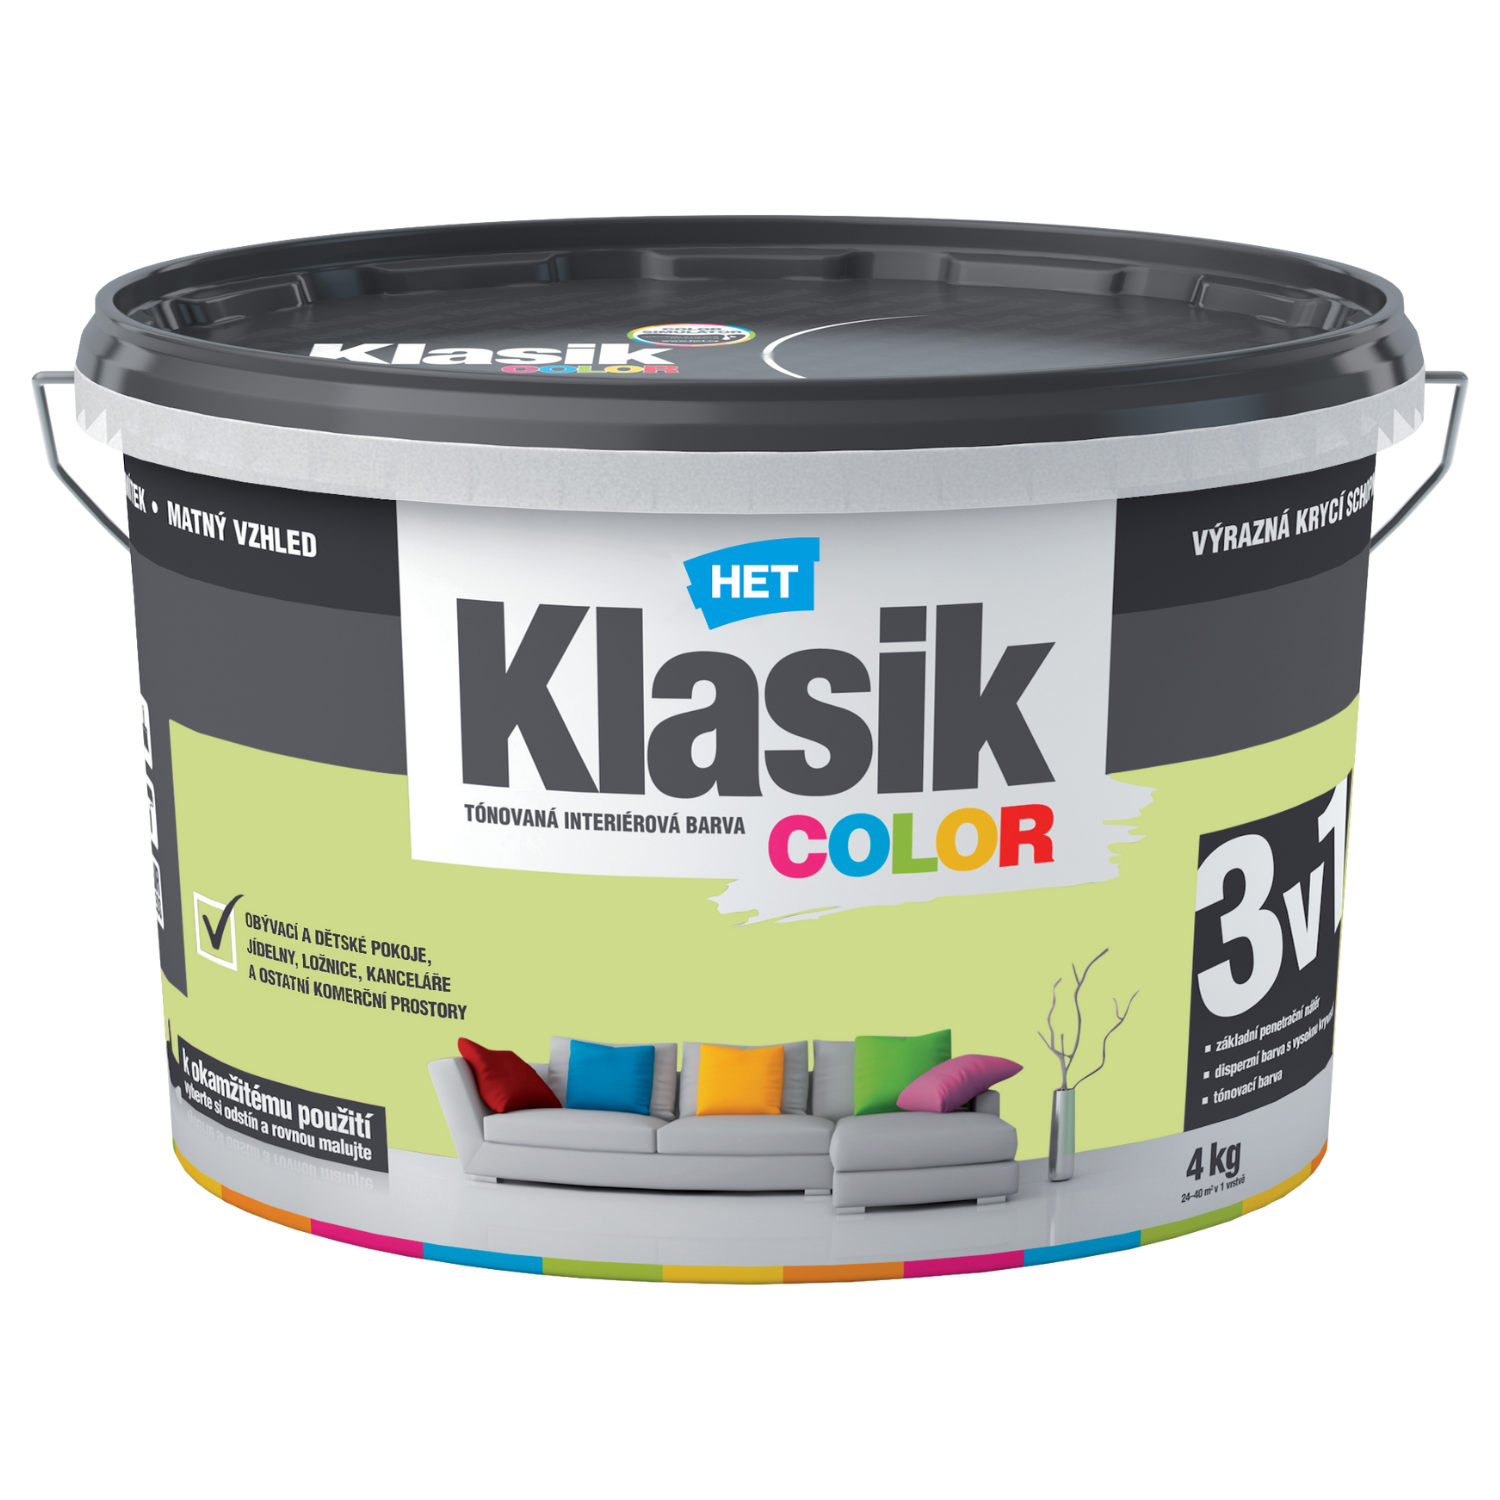 HET Klasik COLOR tónovaná interiérová akrylátová disperzná oteruvzdorná farba 4 kg, KC0487 - modrý tyrkysový
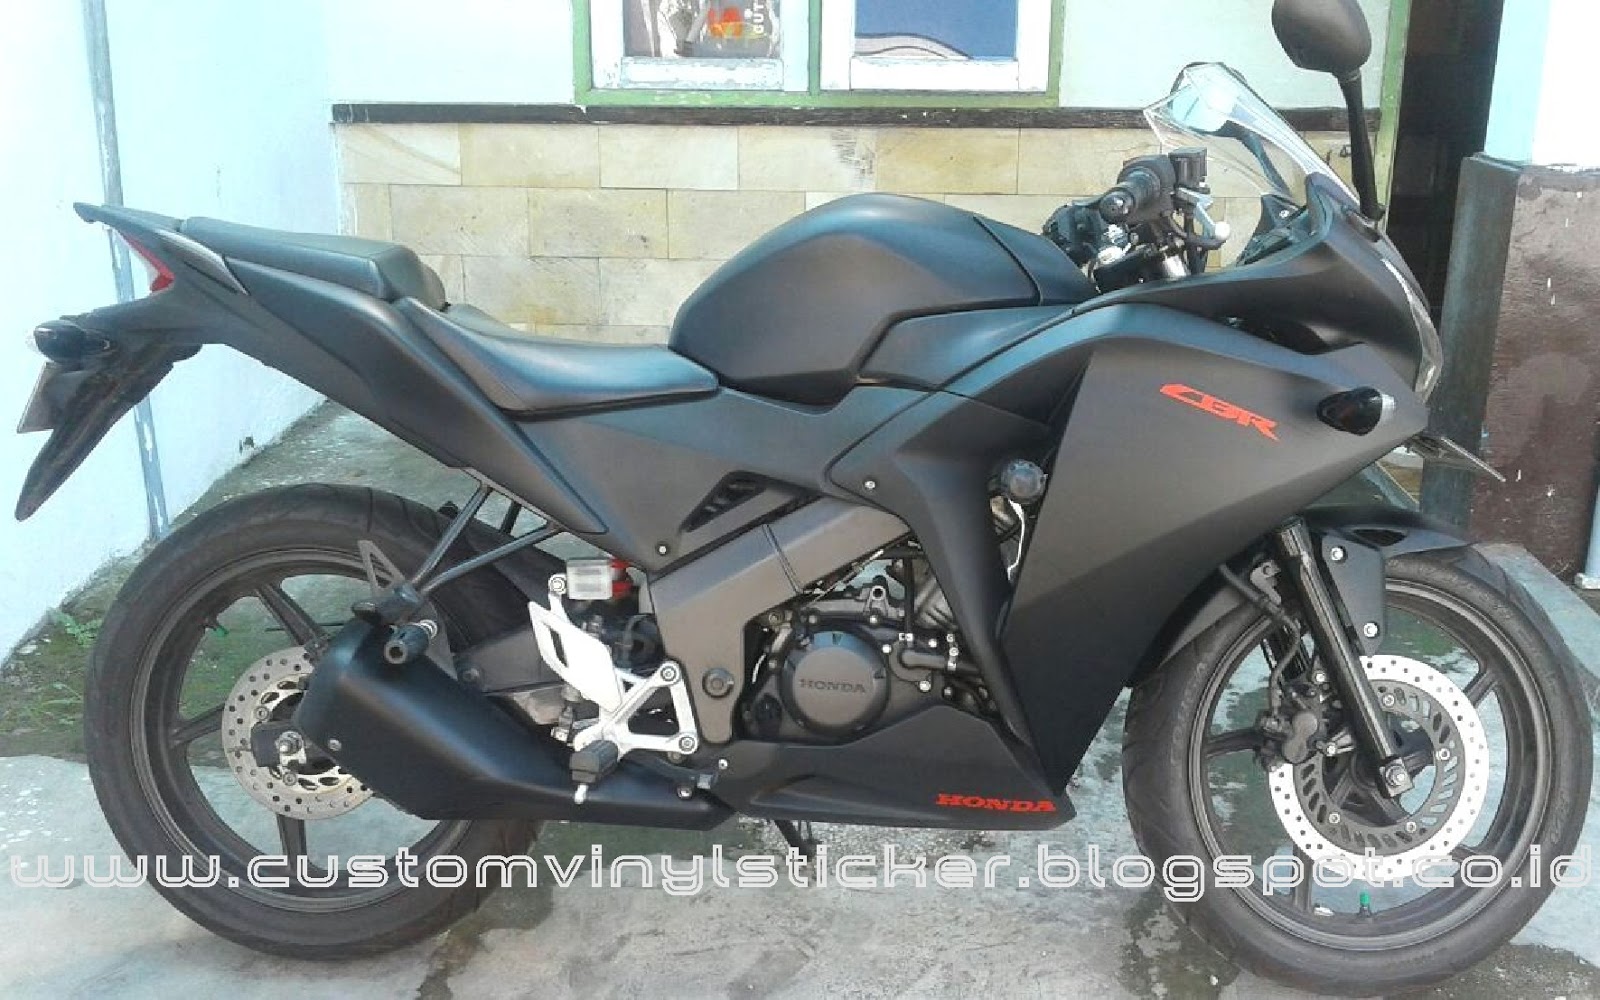 STICKRENZ: Honda CBR150 Black - Full Black Mate Wrapp
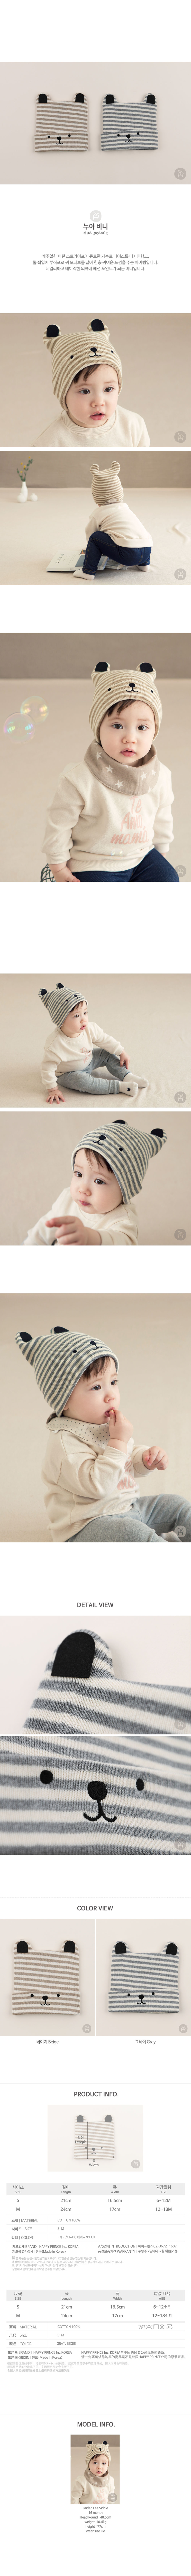 韓國 Happy Prince Nua Beanie條紋小熊純棉嬰兒寶寶帽 灰色S

Activity
Copy out the listing exactly as it stands, but not the pictures.

Exercise response
 HET Klasik COLOR tónovaná interiérová akrylátová disperzná oteruvzdorná farba 4 kg, KC0487 - modrý tyrkysový
 STICKRENZ: Honda CBR150 Black - Full Black Mate Wrapp
 韓國 Happy Prince Nua Beanie條紋小熊純棉嬰兒寶寶帽 灰色S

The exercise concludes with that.